She hadn’t made a sound or jerked her foot the way he’d expected. Blood trickled out, the flow increasing the deeper he went. He mopped at the incision with a corner of the T-shirt he had wadded beneath her heel.
Sweat beaded his face as he worked, separating the small wound, searching for the foreign object he was sure would be there. Nothing! The tissue beneath the skin looked totally undisturbed except for the incision he had made.
“Damn!” he growled, grabbing the flashlight and holding it directly over the cut. Again he stanched the blood and searched, probing with the flat of the blade until he was sure. What he was looking for simply wasn’t there.
“What?

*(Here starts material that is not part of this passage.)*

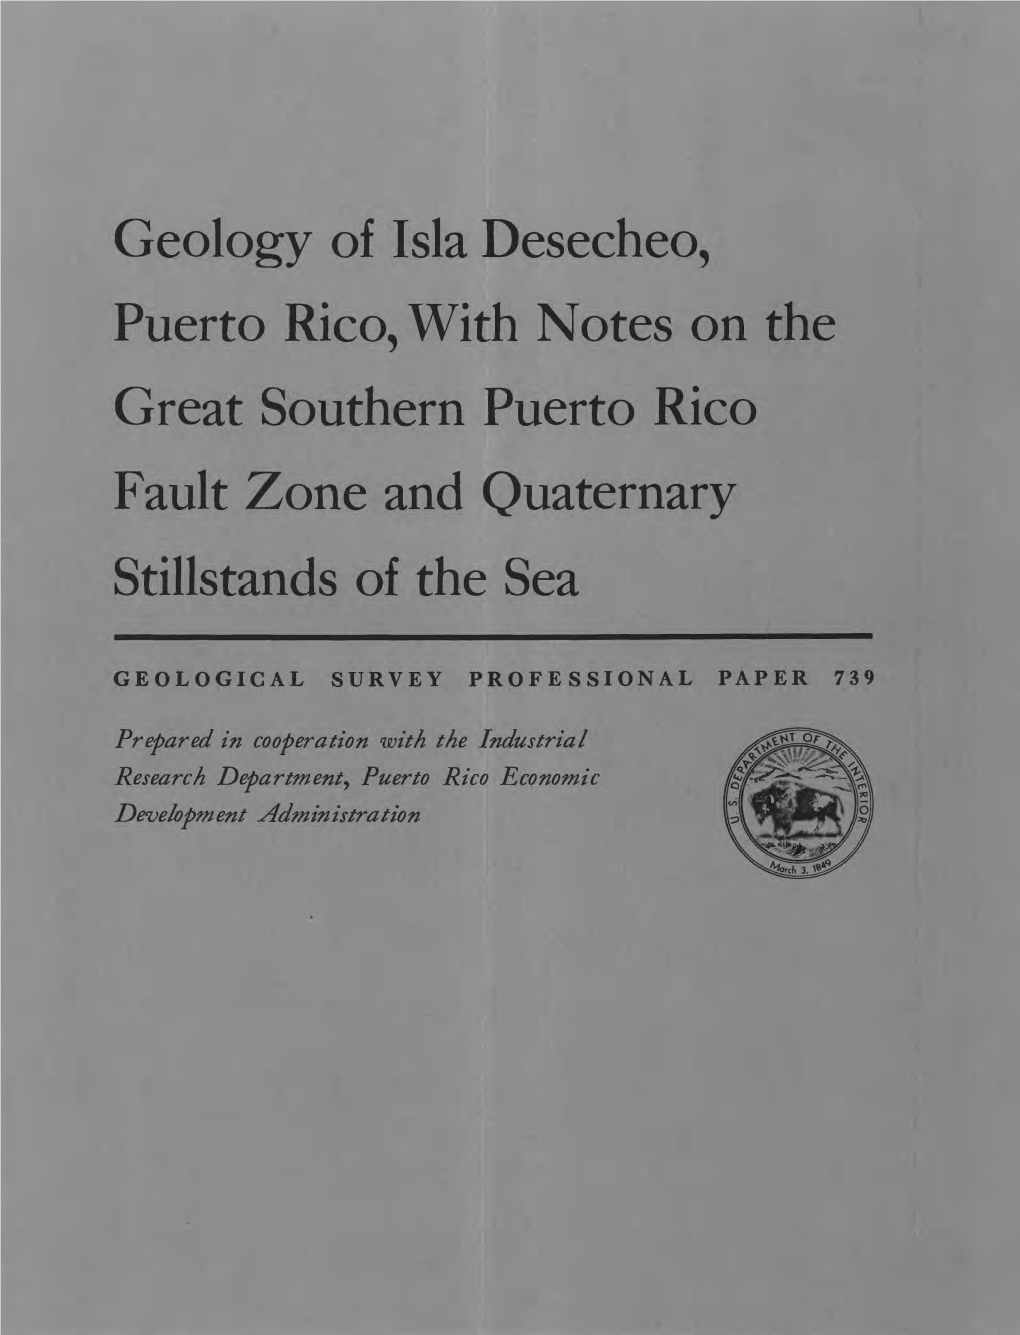 Geology of Isla Desecheo, Puerto Rico, with Notes on the Great Southern Puerto Rico Fault Zone and Quaternary Stillstands of the Sea
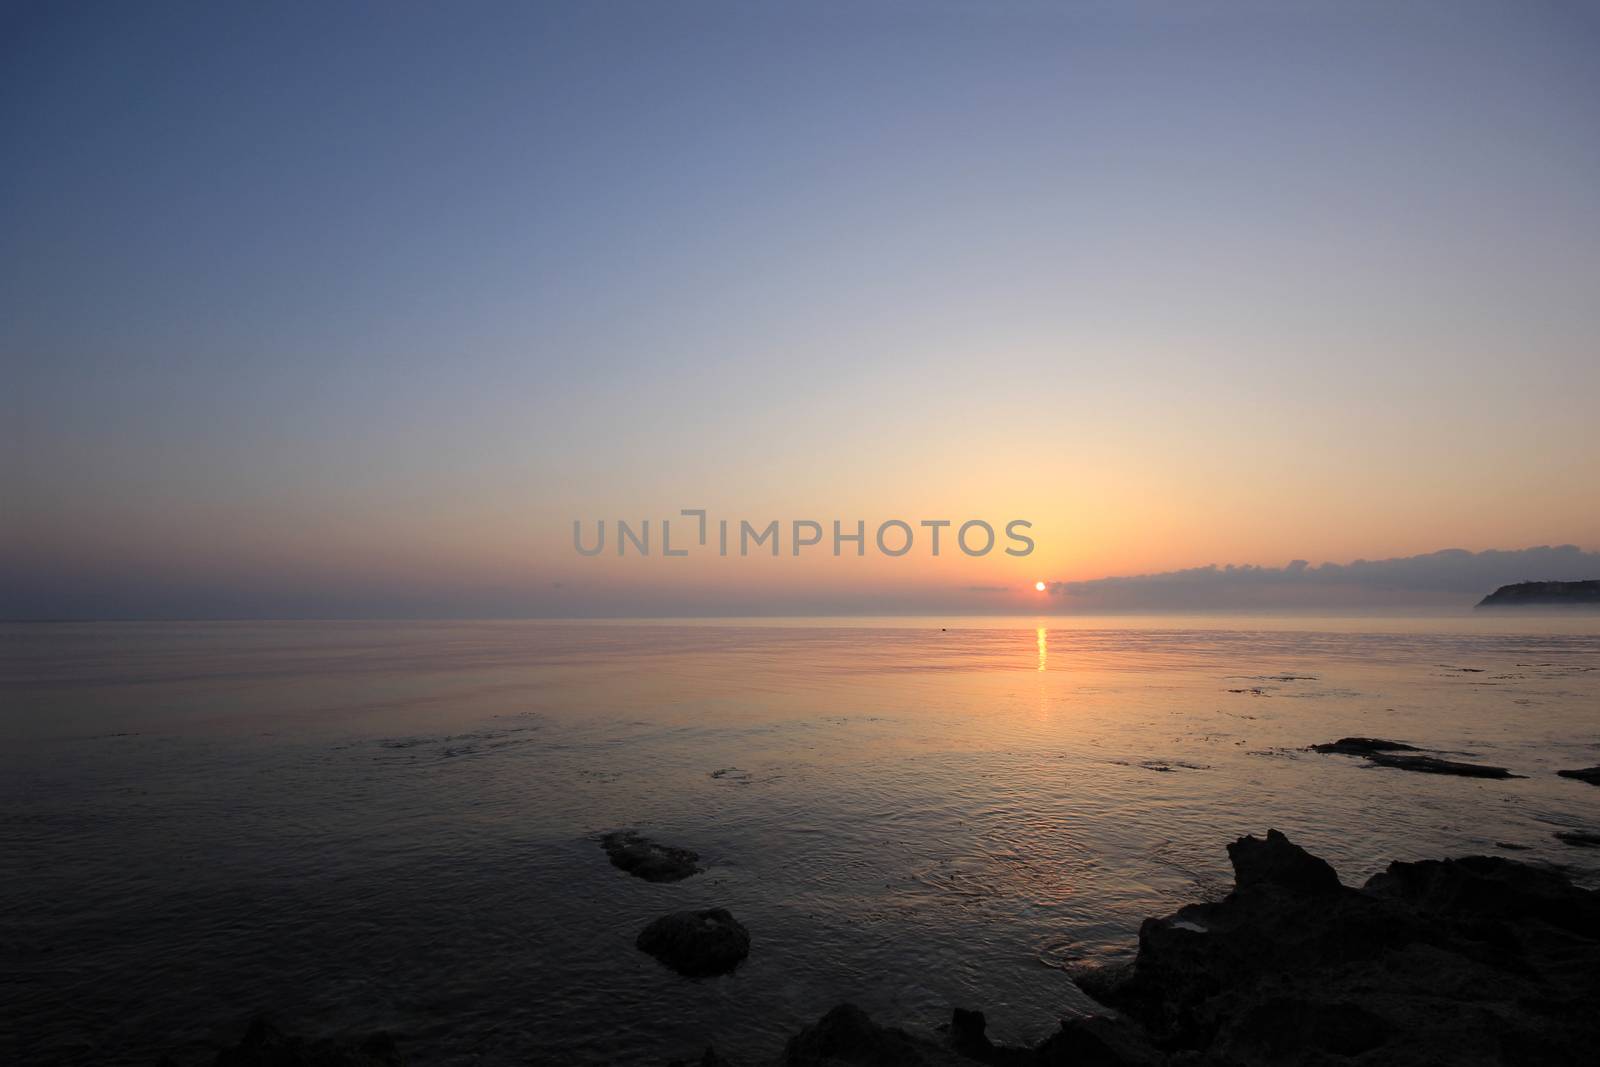 Sunrise over the Ionian sea by Netfalls

What’s wrong?” she asked, her voice higher pitched than usual.
Joe sighed heavily and shook his head as he looked up and met her worried gaze. “Looks like it was just a mosquito bite.” But now it was a gaping little wound that was bleeding profusely and probably hurting like the devil.
“Then where could the transmitter be?” she demanded in a small voice. “Where could he have put it?”
Joe was already cutting a portion of the clean shirt to tie around her ankle as a bandage. “Looks like you might be able to pay me back for this little mistake. I guess it’s my turn.”
Martine watched, knowing her attention was a little too avid, as Joe sat back on his heels and hastily ripped off his shirt. Muscles rippled and gleamed in the glow of the flashlight. He wore a grim, narrow-eyed expression and she knew hers probably matched it.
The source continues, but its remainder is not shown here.